Drive already mounted at /content/drive; to attempt to forcibly remount, call drive.mount("/content/drive", force_remount=True).


In [None]:
import warnings

warnings.filterwarnings("ignore", category=DeprecationWarning, module="ipykernel.ipkernel")

In [None]:

!pip install mwclient



In [None]:
import mwclient as mw
import time

In [None]:
site = mw.Site('en.wikipedia.org')
page = site.pages['Bitcoin']

In [None]:
revs = list(page.revisions())

In [None]:
revs[0]

OrderedDict([('revid', 1254525564),
             ('parentid', 1254525362),
             ('user', 'A455bcd9'),
             ('timestamp',
              time.struct_time(tm_year=2024, tm_mon=10, tm_mday=31, tm_hour=12, tm_min=27, tm_sec=56, tm_wday=3, tm_yday=305, tm_isdst=-1)),
             ('comment',
              '/* 2008–2009: Creation */ Per the source: "Moreover, Nakamoto didn\'t care for academic peer review and didn\'t fully connect it to its history.
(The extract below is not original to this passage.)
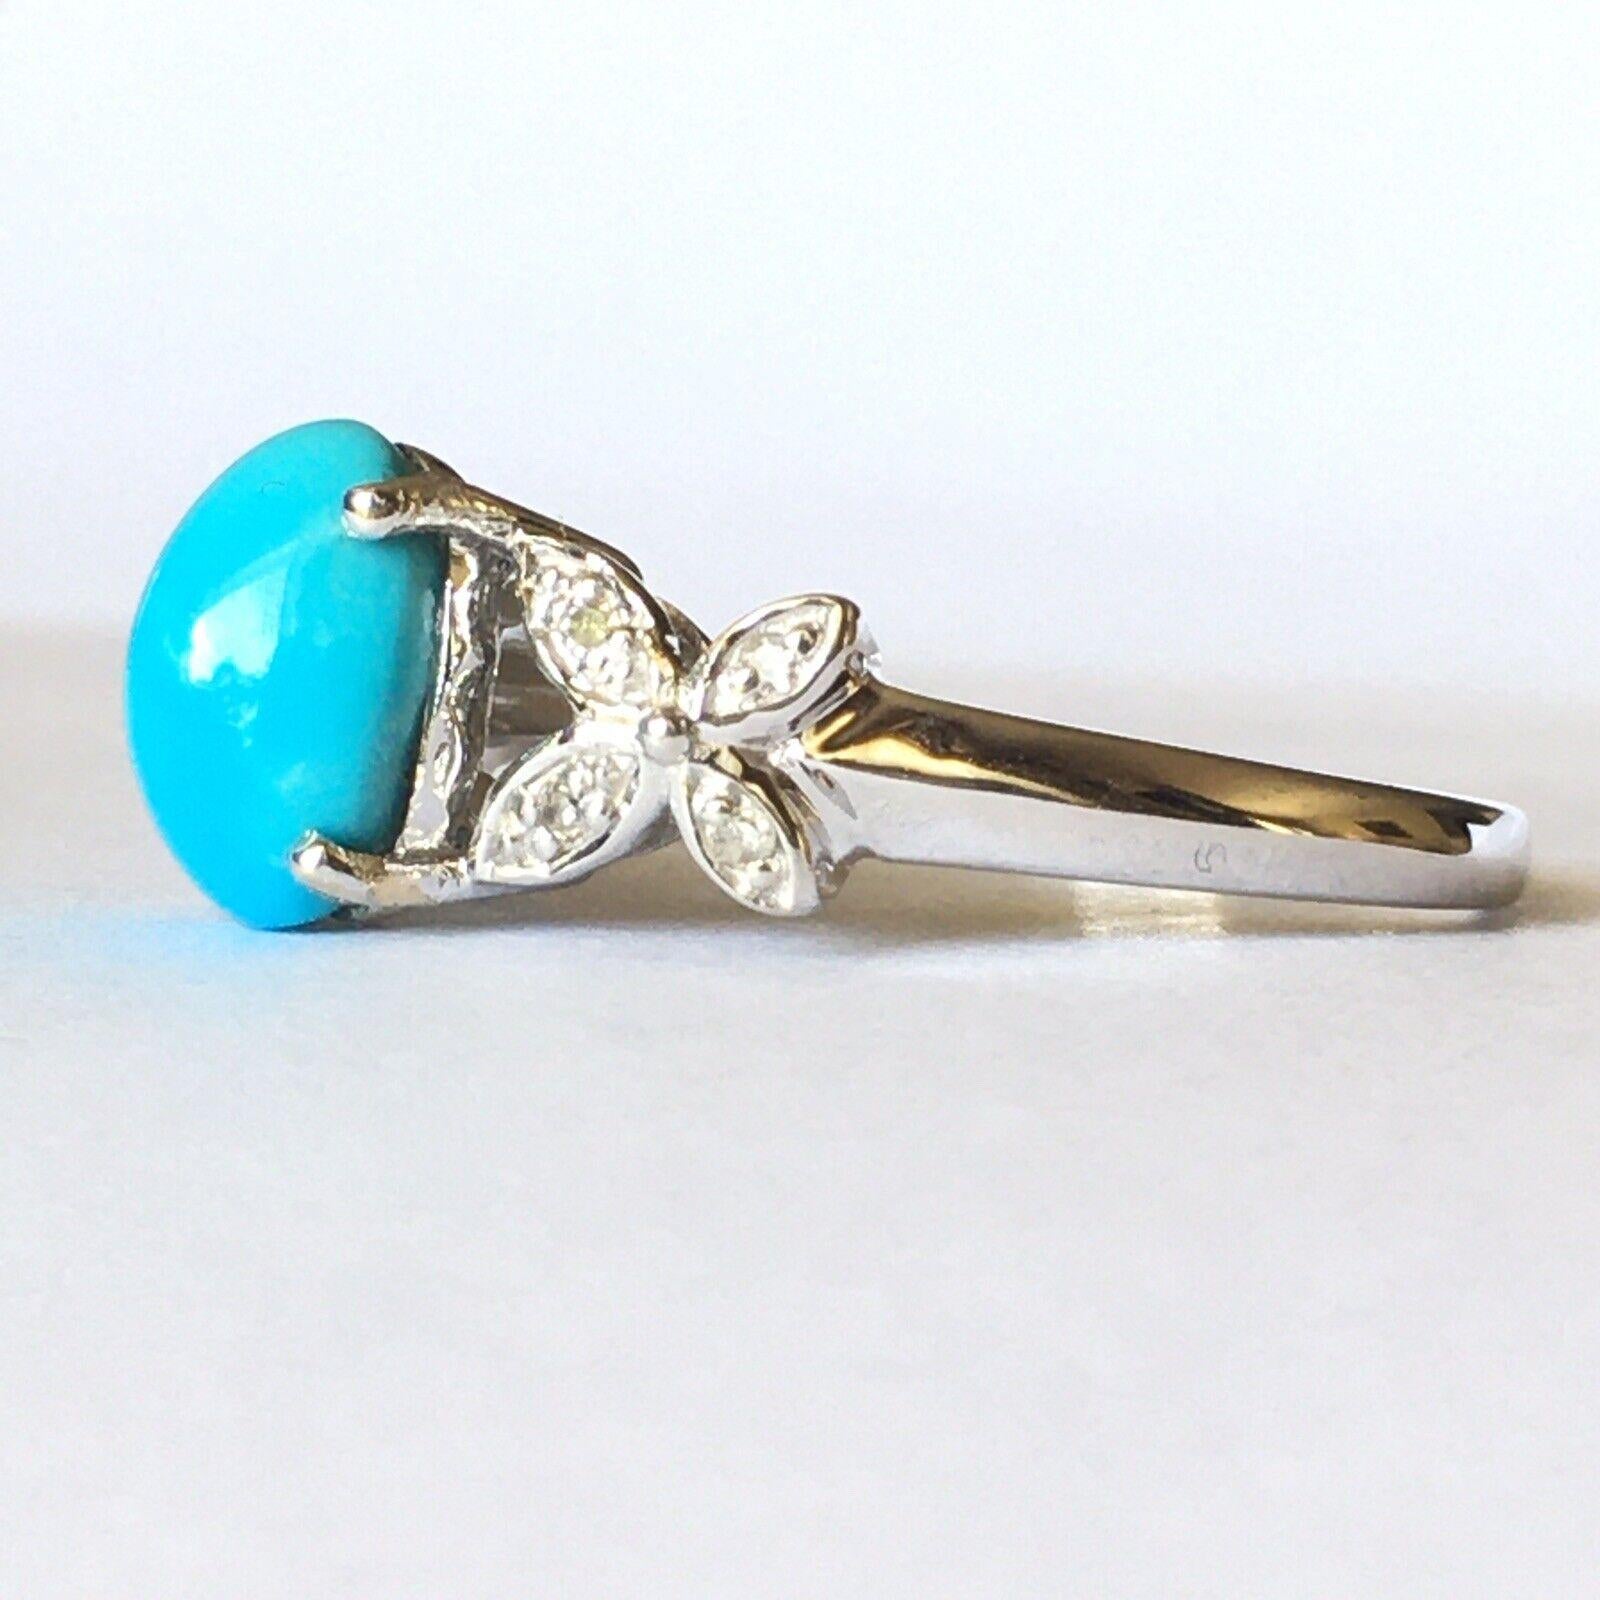 Modernist 14 Karat White Gold Hallmarked Lady's Diamond Persian Turquoise Ring 1970s Size For Sale
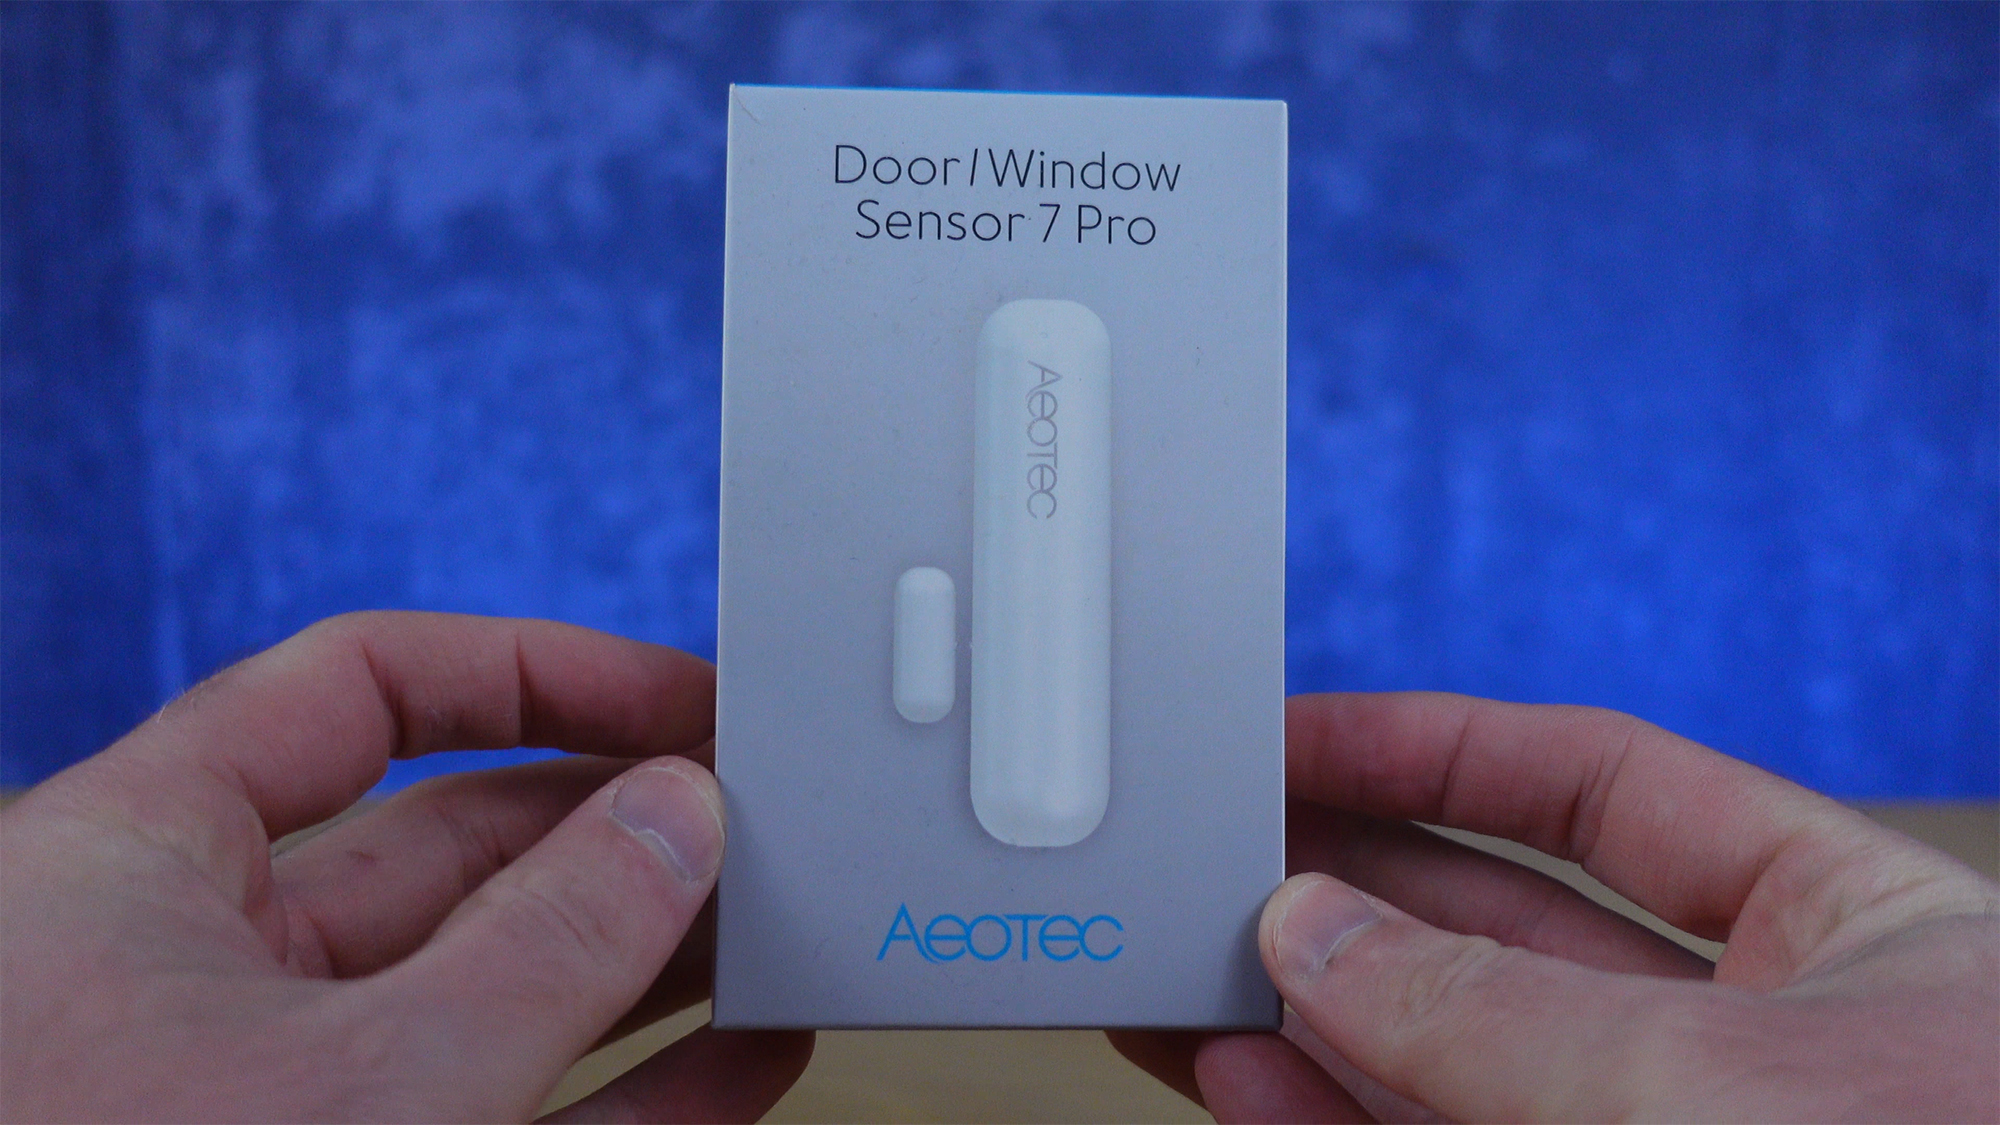 How to Get The Aeotec Door/Window Sensor Basic/Pro 7 Working With Its Dry Contacts

As a result, academics essentially ignored bitcoin for several years. Many academic communities informally argued that Bitcoin couldn\'t work, based on theoretical models or experiences with past systems, despite the fact that it was working in practice."')])

In [None]:
revs = sorted(revs, key=lambda x: x["timestamp"])

In [None]:
revs[0]

OrderedDict([('revid', 275832581),
             ('parentid', 0),
             ('user', 'Pratyeka'),
             ('timestamp',
              time.struct_time(tm_year=2009, tm_mon=3, tm_mday=8, tm_hour=16, tm_min=41, tm_sec=7, tm_wday=6, tm_yday=67, tm_isdst=-1)),
             ('comment', 'creation (stub)')])

In [None]:
len(revs)

17924

In [None]:
from transformers import pipeline

In [None]:
sentiment_pipeline = pipeline("sentiment-analysis")

No model was supplied, defaulted to distilbert/distilbert-base-uncased-finetuned-sst-2-english and revision af0f99b (https://huggingface.co/distilbert/distilbert-base-uncased-finetuned-sst-2-english).
Using a pipeline without specifying a model name and revision in production is not recommended.


In [None]:
def find_sentiment(text):
    sent = sentiment_pipeline([text[:250]])[0]
    score = sent["score"]
    if sent["label"] == "NEGATIVE":
        score *= -1
    return score

In [None]:
find_sentiment("I am very appaled")

0.9981369972229004

In [None]:
edits = {}

for rev in revs:
    date = time.strftime("%Y-%m-%d", rev["timestamp"])

    if date not in edits:
        edits[date] = dict(sentiments=list(), edit_count=0)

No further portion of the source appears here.